The fact that Congress moved Mattis’s nomination so quickly is partly a tribute to what many national-security players in Washington already believed about the former general: His four decades of experience in the Marine Corps, his climbing to the top echelons of the military bureaucracy, and his universal respect among both political parties make his nomination as secretary of defense a no-brainer for many politicians. Yet one cannot escape a much broader observation: that if the House and Senate are willing and able to do their jobs, they can often put aside partisan blame-shifting in pursuit of a common goal.

If confirmed, General Mattis will enter the Pentagon with a full plate waiting for him. Continuing the military campaign against the Islamic State in Iraq and Syria will be one of his top priorities, and he will need all the help he can get if he is to effectively prosecute a war that is now in its third year. To help the defense secretary with that task, Congress should apply the same urgency with which it approached the Mattis nomination. What better way to do that than by providing the Pentagon with a fresh congressional authorization for the use of military force?

I’ve written repeatedly about the criticality of the legislative branch’s fulfilling its most solemn responsibility under our system of government: authorizing the commander-in-chief to use the full weight, power, and influence of the U.S. military overseas to defeat an enemy. Indeed, those calls — also made by many others, including Senators Rand Paul (R., Ky.), Jeff Flake (R., Ariz.), and Tim Kaine (D., Va.) — have fallen on many deaf ears among congressional leaders. But we now have a secretary of defense who is on record as being a forceful advocate of the legislative branch’s power during wartime. He is a former war commander who understands that passing a war resolution is one of the best ways that the United States can show unity of purpose to its troops in the field and to the enemy America is seeking to vanquish.

The president is the commander-in-chief, according to the Constitution, but it is the Congress that has the power to determine when the country should go to war.

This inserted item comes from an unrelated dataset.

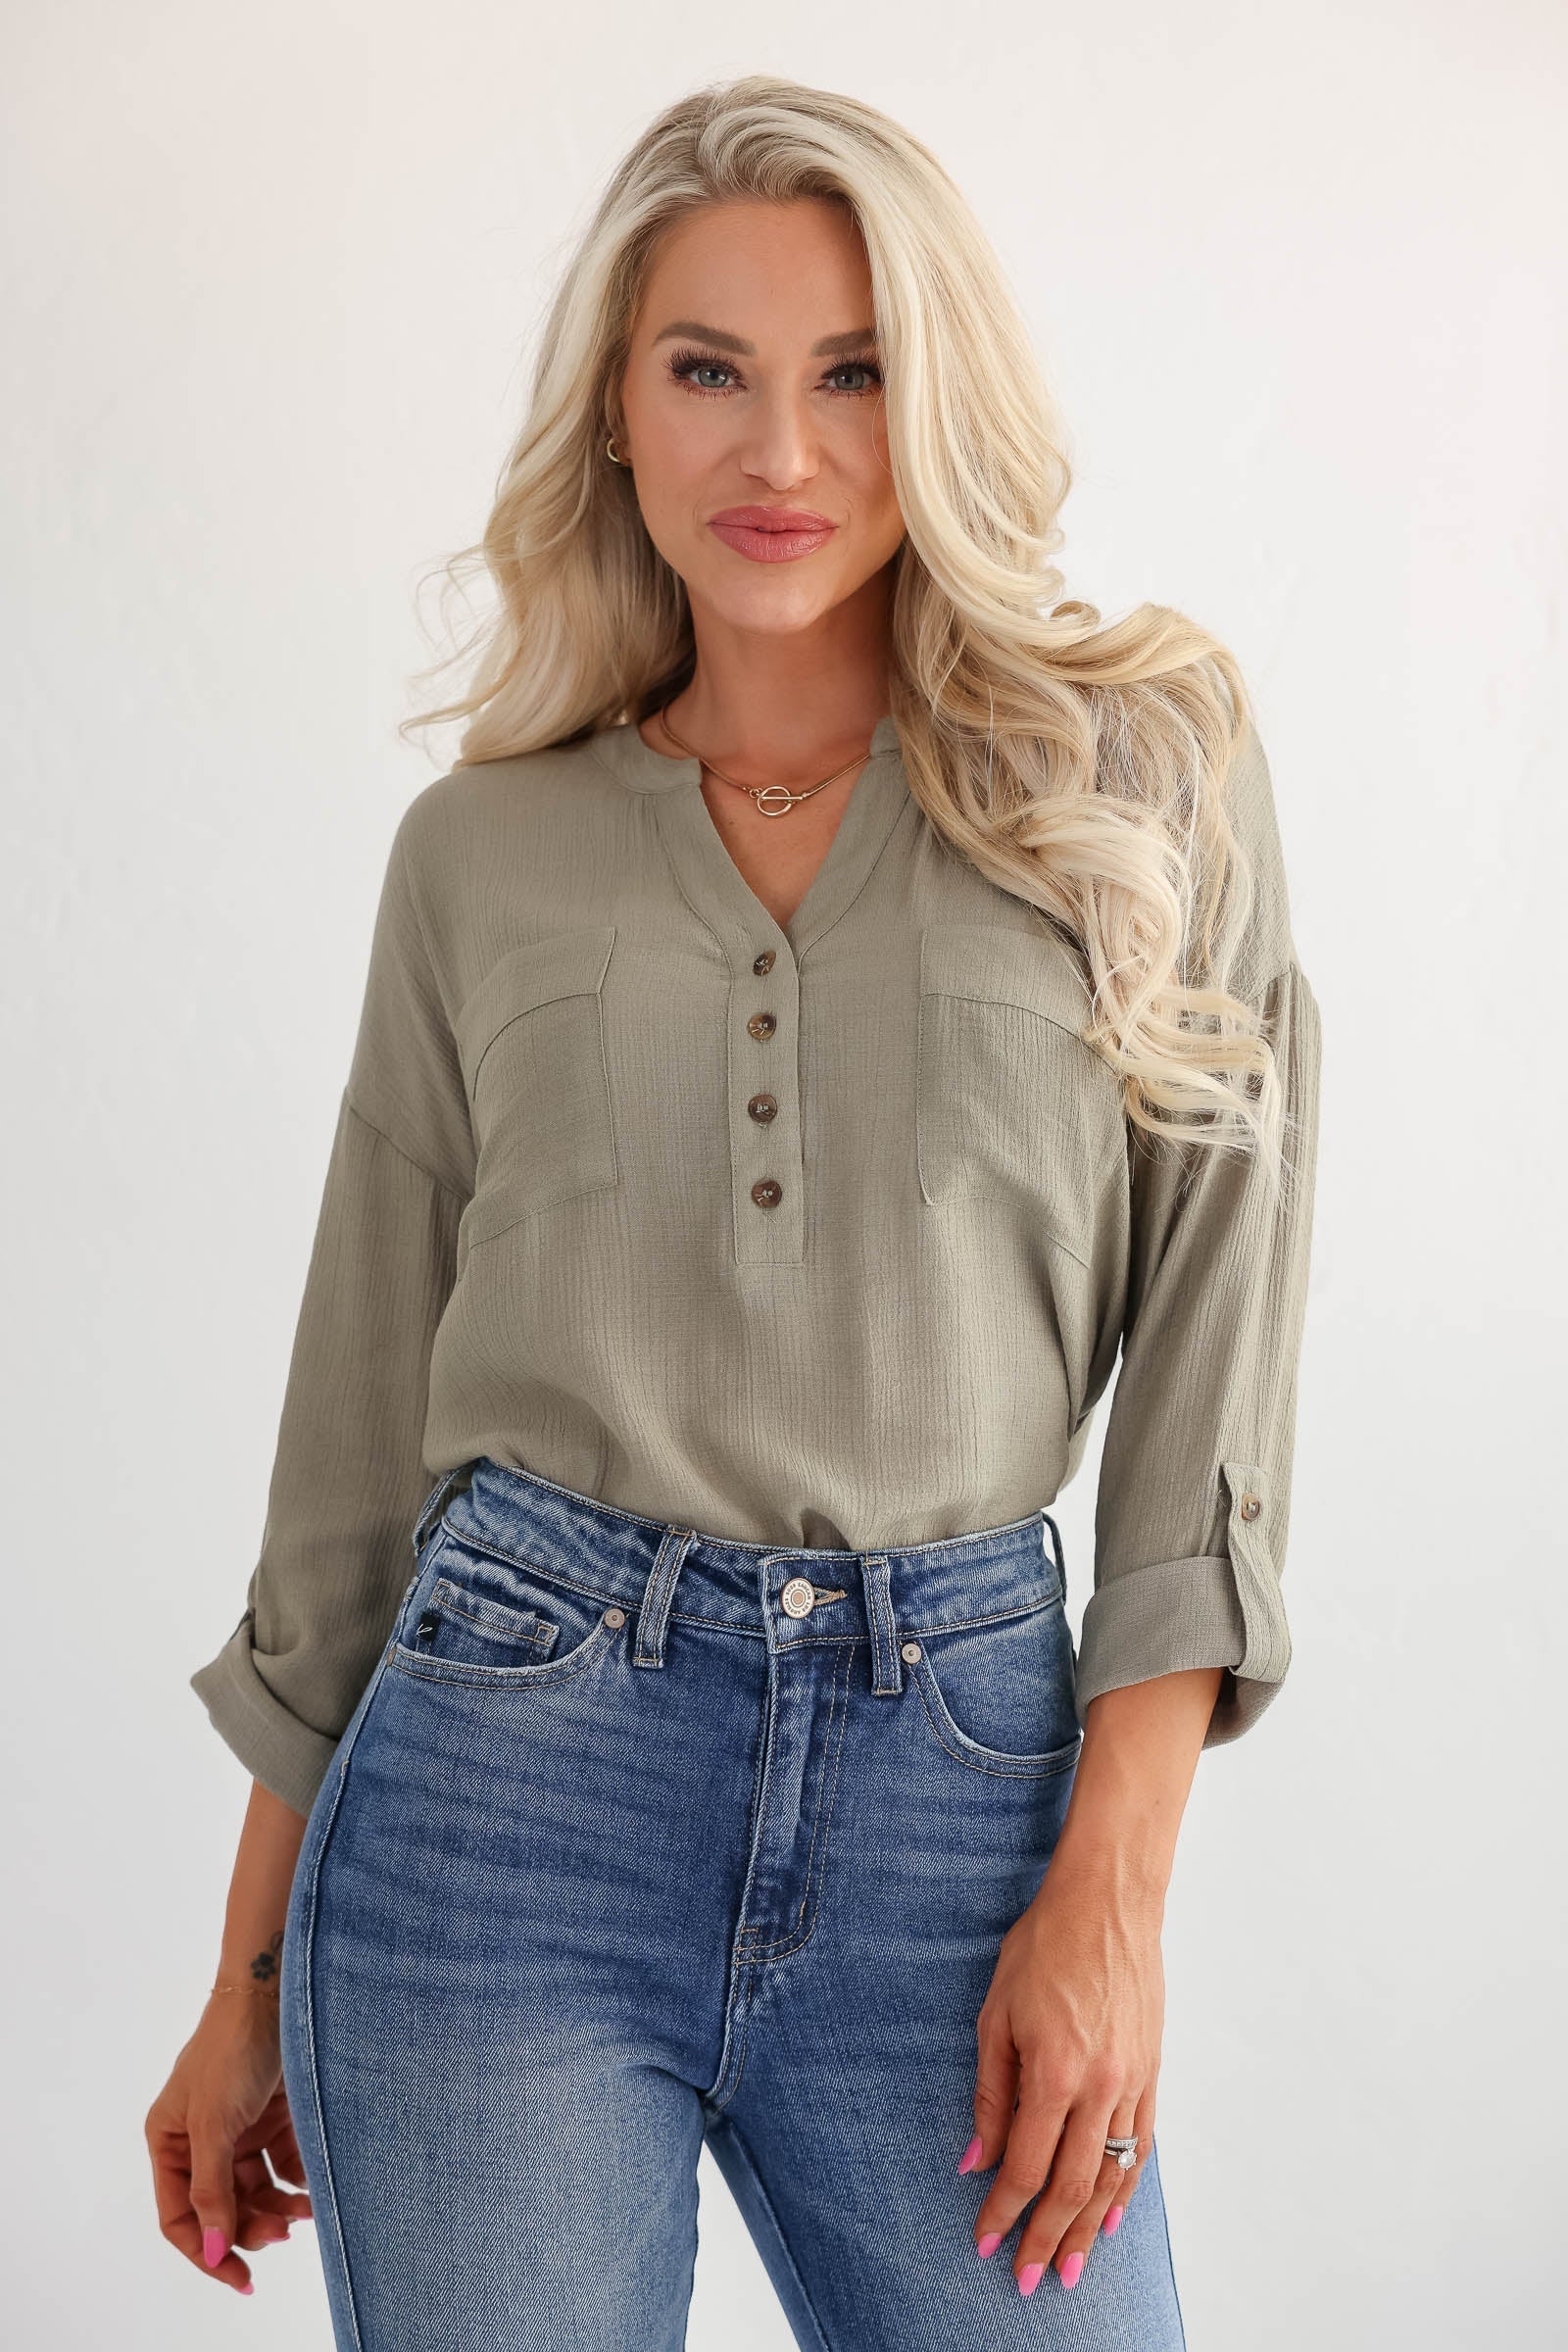 She's Like So Professional Top - Olive, Closet Candy, 1

In a piece for the Hoover Institution, General Mattis intimated that congressional action on matters of war and peace is in itself a military tactic. “A strong ‘Authorization to Use Military Force’ (AUMF), supported by a majority of both parties in both houses of Congress, will send an essential message of American steadfastness to our people and to the global audience,” Mattis wrote. “Its passage will demonstrate our country’s fundamental unity and enable a broader commitment to deal firmly with a real and growing menace.”

Mattis expanded on that view during his confirmation hearing, stating that “congressional oversight and appropriations, authorizations, are a critical part of civilian control of the military.” The general couldn’t be more correct in his view.

The lawmakers on Capitol Hill were sent by the American people to represent their interests. Members of Congress have a right — indeed, a duty — to claim their stake in decisions on when men and women in uniform will be sent into harm’s way to defend the American people and our national-security interests. The president is the commander-in-chief, according to the Constitution, but it is the Congress that has the power to determine when the country should go to war.

For more than a decade, Congress has passed the buck on this responsibility. Meanwhile, America’s uniformed men and women have been put into dangerous situations in Iraq and Syria on the barest of legal rationales — an authorization for the use of force that was passed a week after the September 11 attacks, over 15 years ago, when the Islamic State wasn’t even in existence.

If Congress trusts Mattis to do the right thing on behalf of the U.S. military and agrees with much of what the general says, it should be mindful that it is what the military professional with 41 years’ experience maintains it should be: a legislative branch that follows the war-making direction outlined in Article I, Section 2 of the Constitution.